▸ What the exercise asks
Take the lines from the one containing "Ballistix memory being placed on motherboard" through the end of the material and write them out exactly, omitting pictures.

▸ Supplied records
• • • • • • •
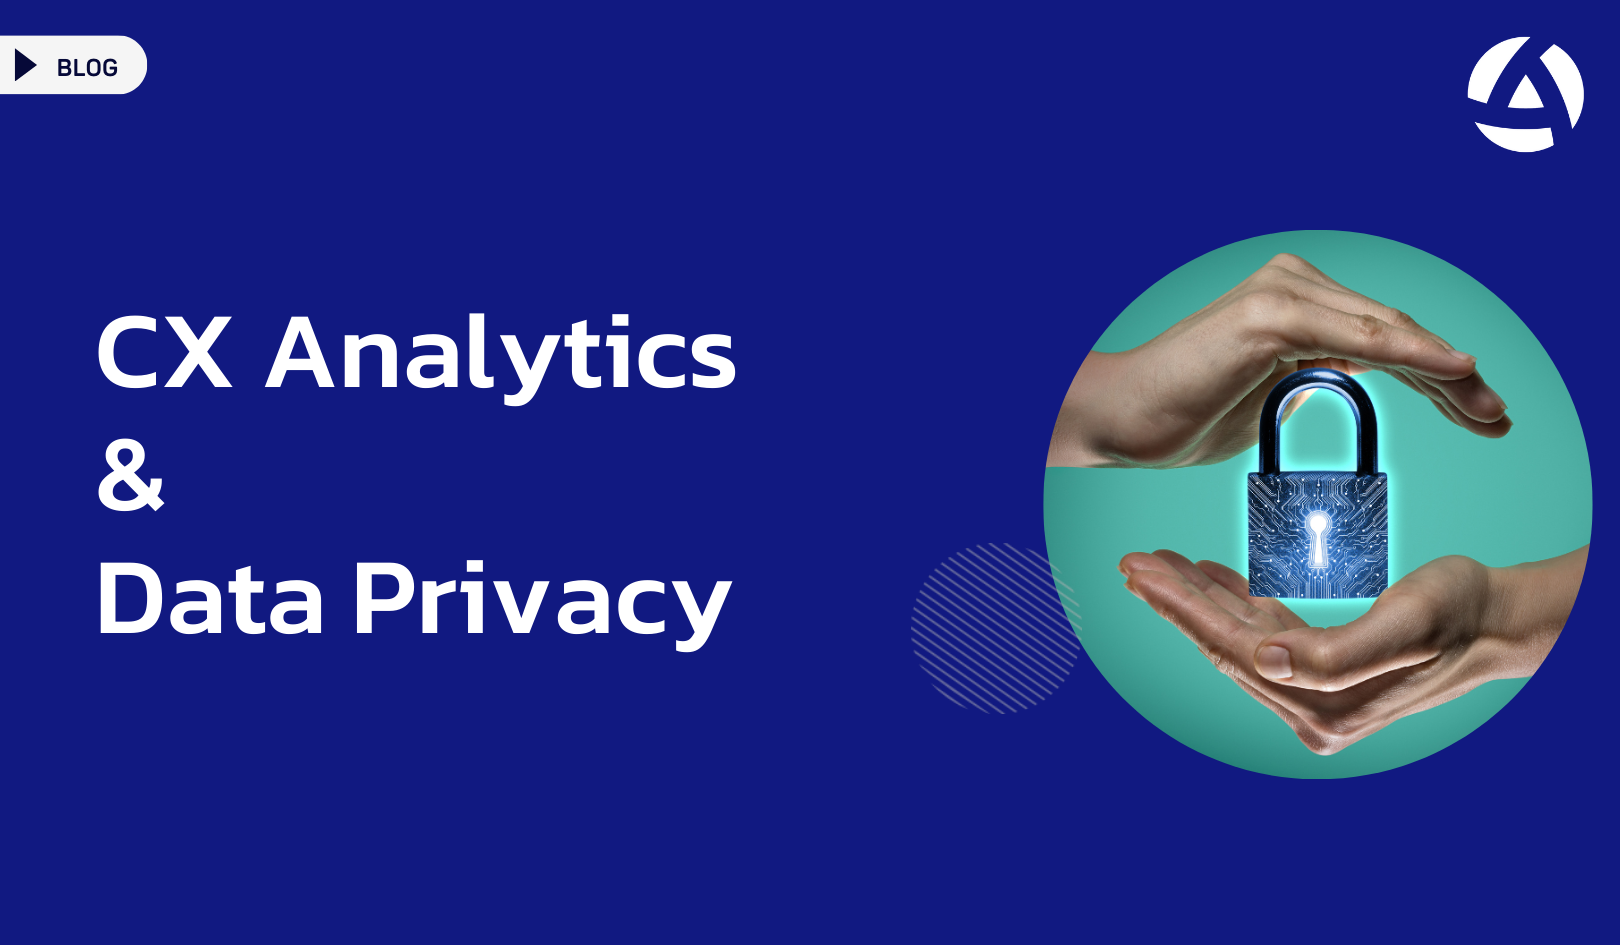 Customer Experience Analytics and Data Privacy
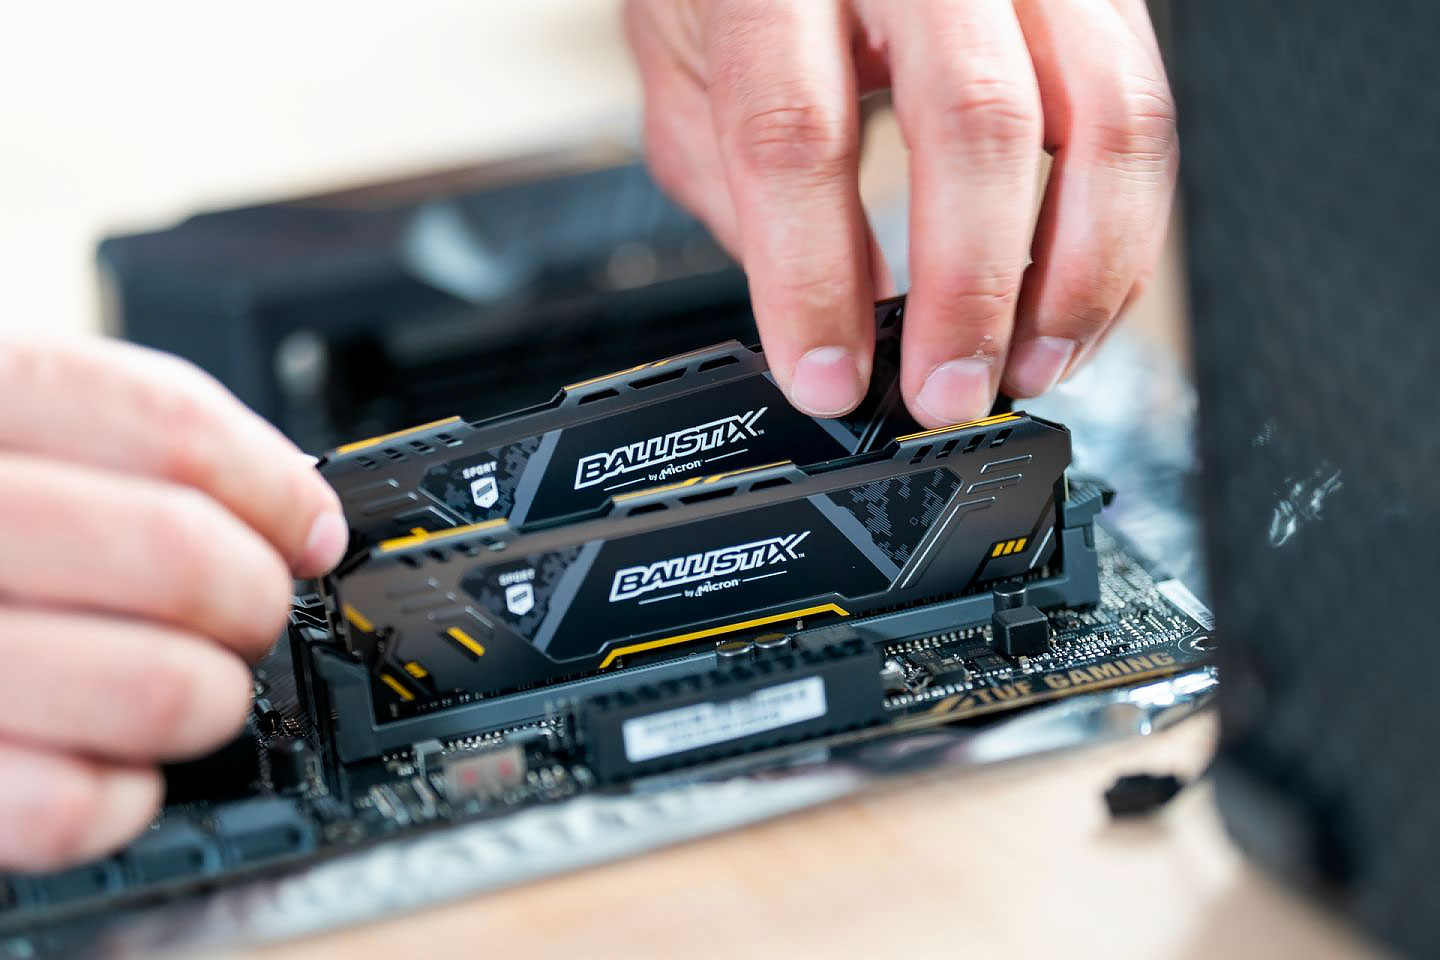 Ballistix memory being placed on motherboard
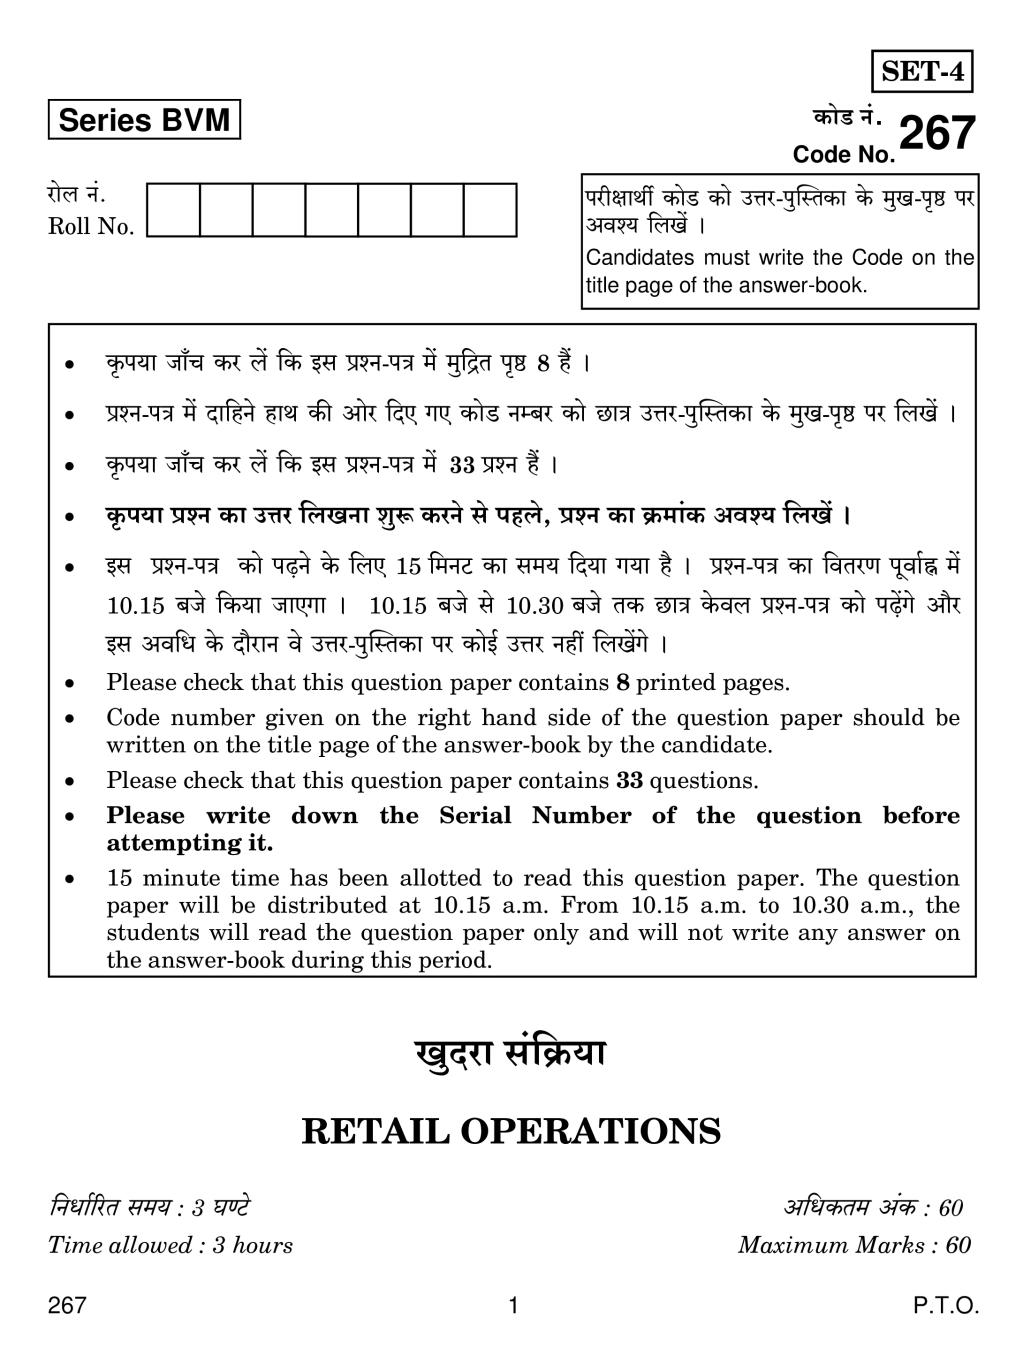 CBSE Class 12 Retail Operations Question Paper 2019 - Page 1
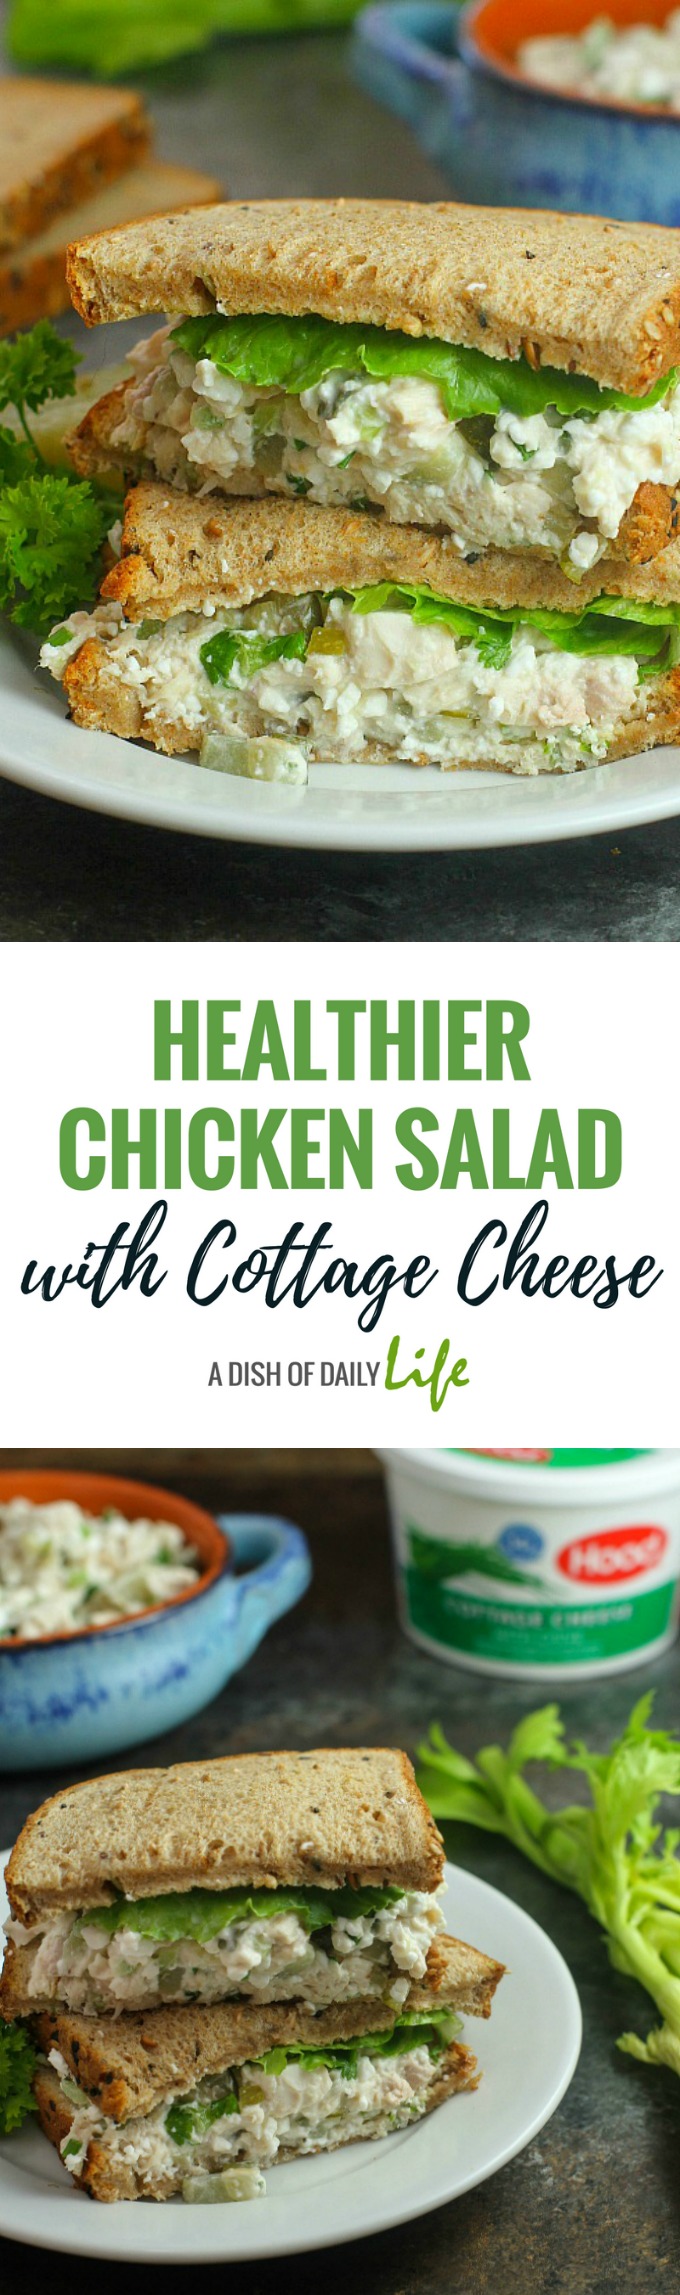 This delicious traditional chicken salad recipe gets an added boost of protein from cottage cheese. Your family will love this healthy makeover. Perfect for lunch or a post workout snack!
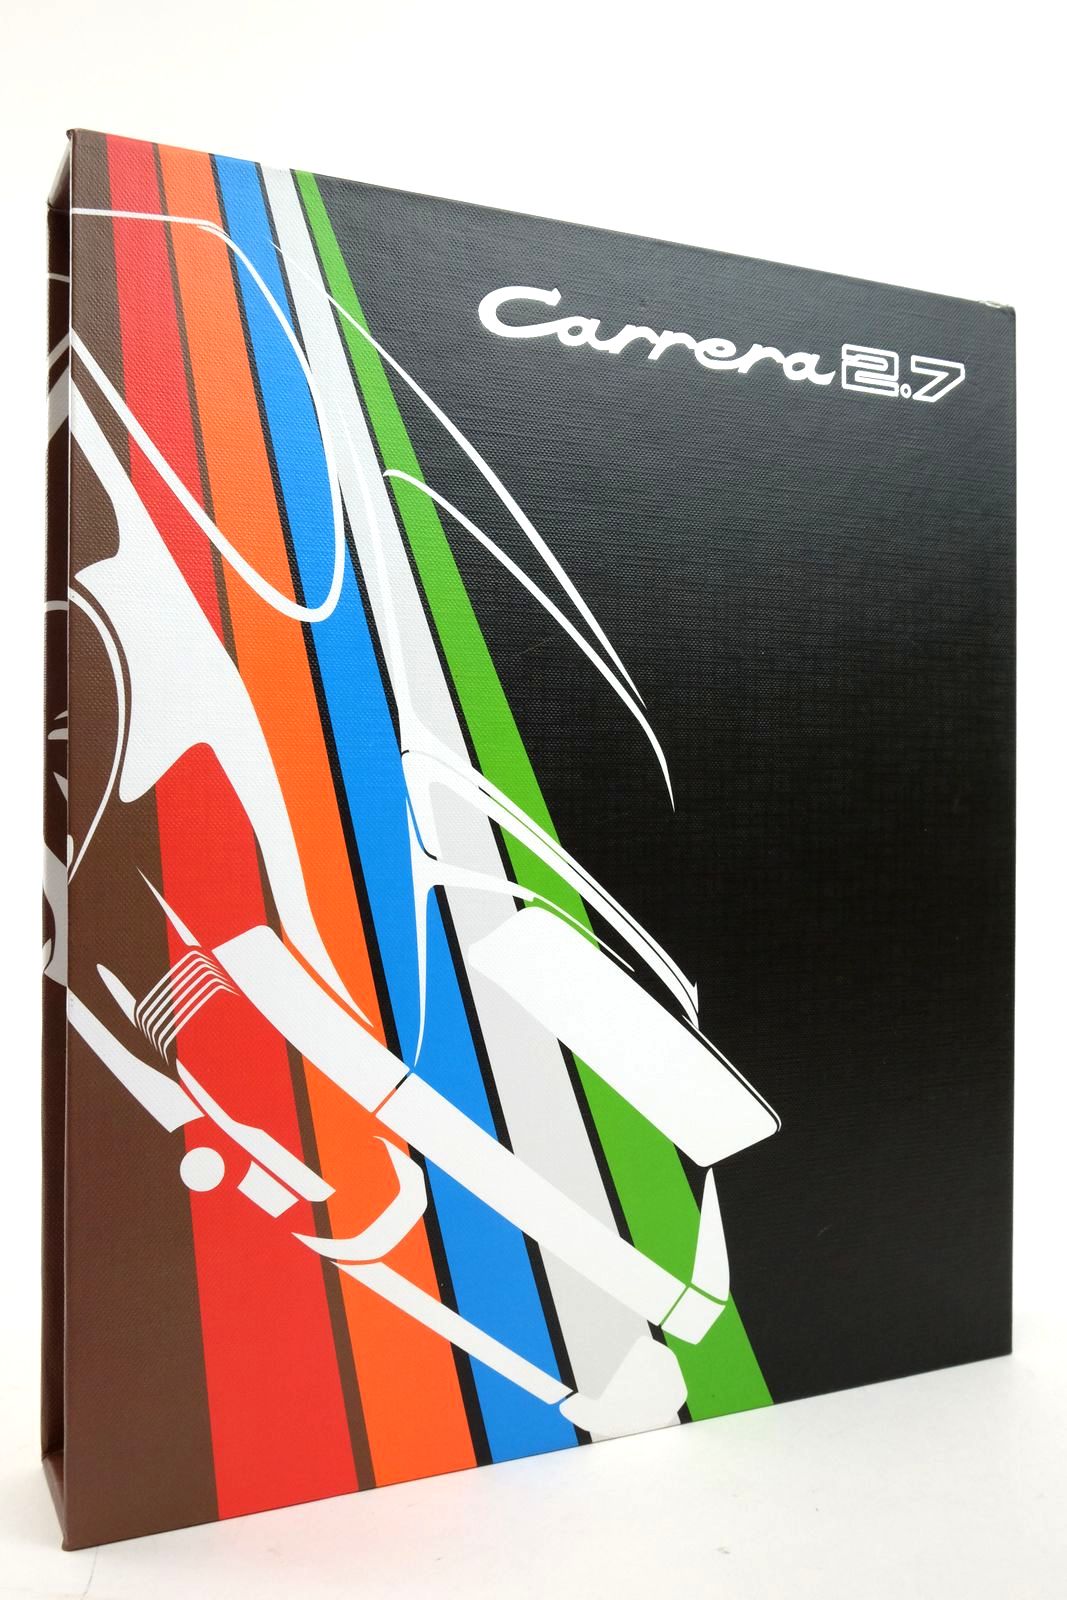 Photo of CARRERA 2.7 written by Snodgrass, Ryan published by Parabolica Press (STOCK CODE: 2136581)  for sale by Stella & Rose's Books
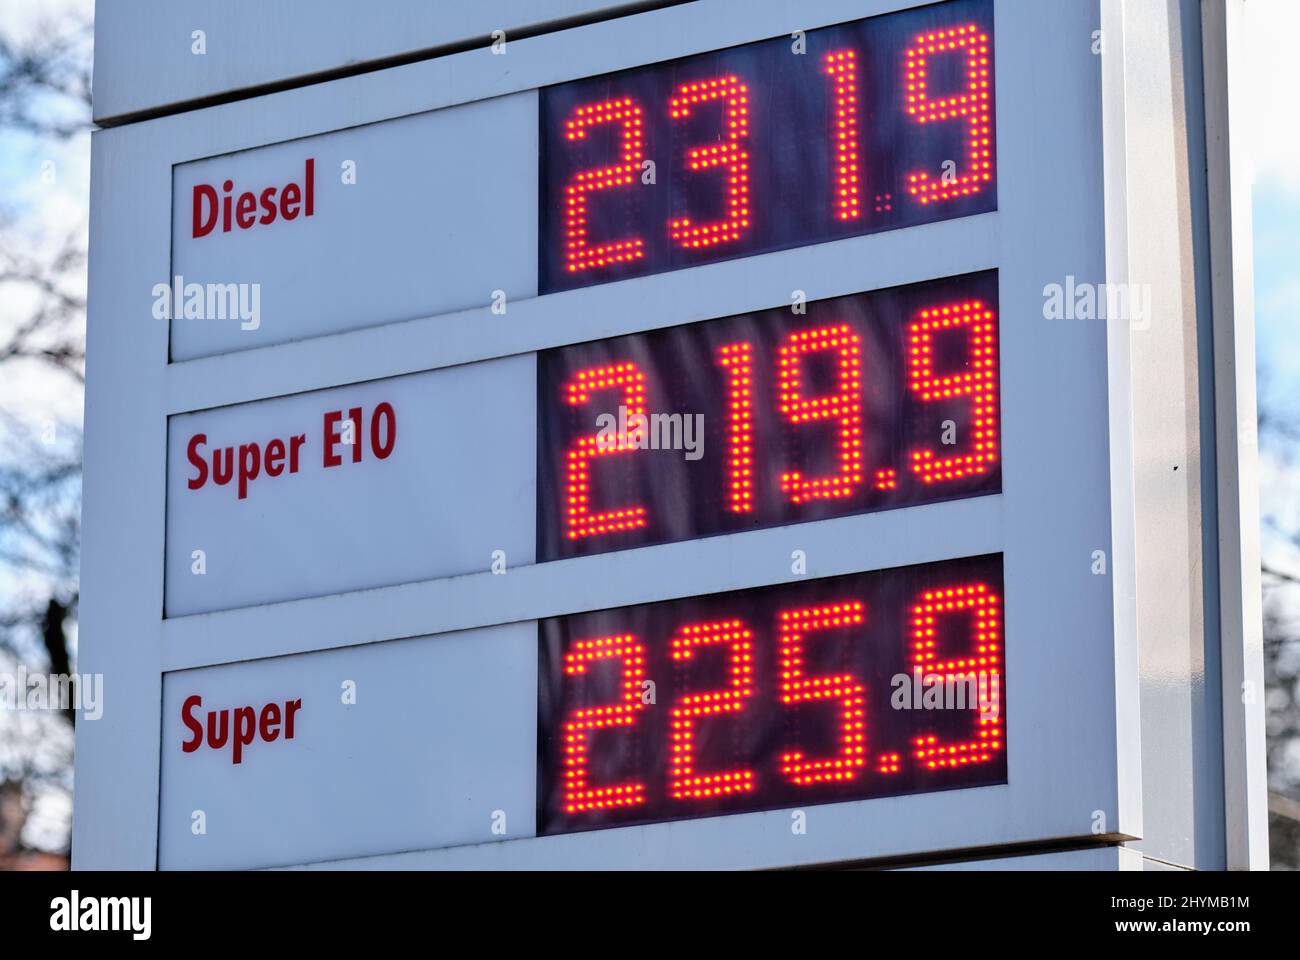 Close-up of a sign at a gas station showing extremely high gasoline prices due to the war in Ukraine. Seen in Germany on March 14, 2022 Stock Photo
• • • • • • •
▸ Task answer
 Ballistix memory being placed on motherboard
 CBSE Class 12 Retail Operations Question Paper 2019 - Page 1
 This delicious traditional chicken salad recipe gets an added boost of protein from cottage cheese. Your family will love this healthy makeover. Perfect for lunch or a post workout snack!
 Photo of CARRERA 2.7 written by Snodgrass, Ryan published by Parabolica Press (STOCK CODE: 2136581)  for sale by Stella & Rose's Books
 Close-up of a sign at a gas station showing extremely high gasoline prices due to the war in Ukraine. Seen in Germany on March 14, 2022 Stock Photo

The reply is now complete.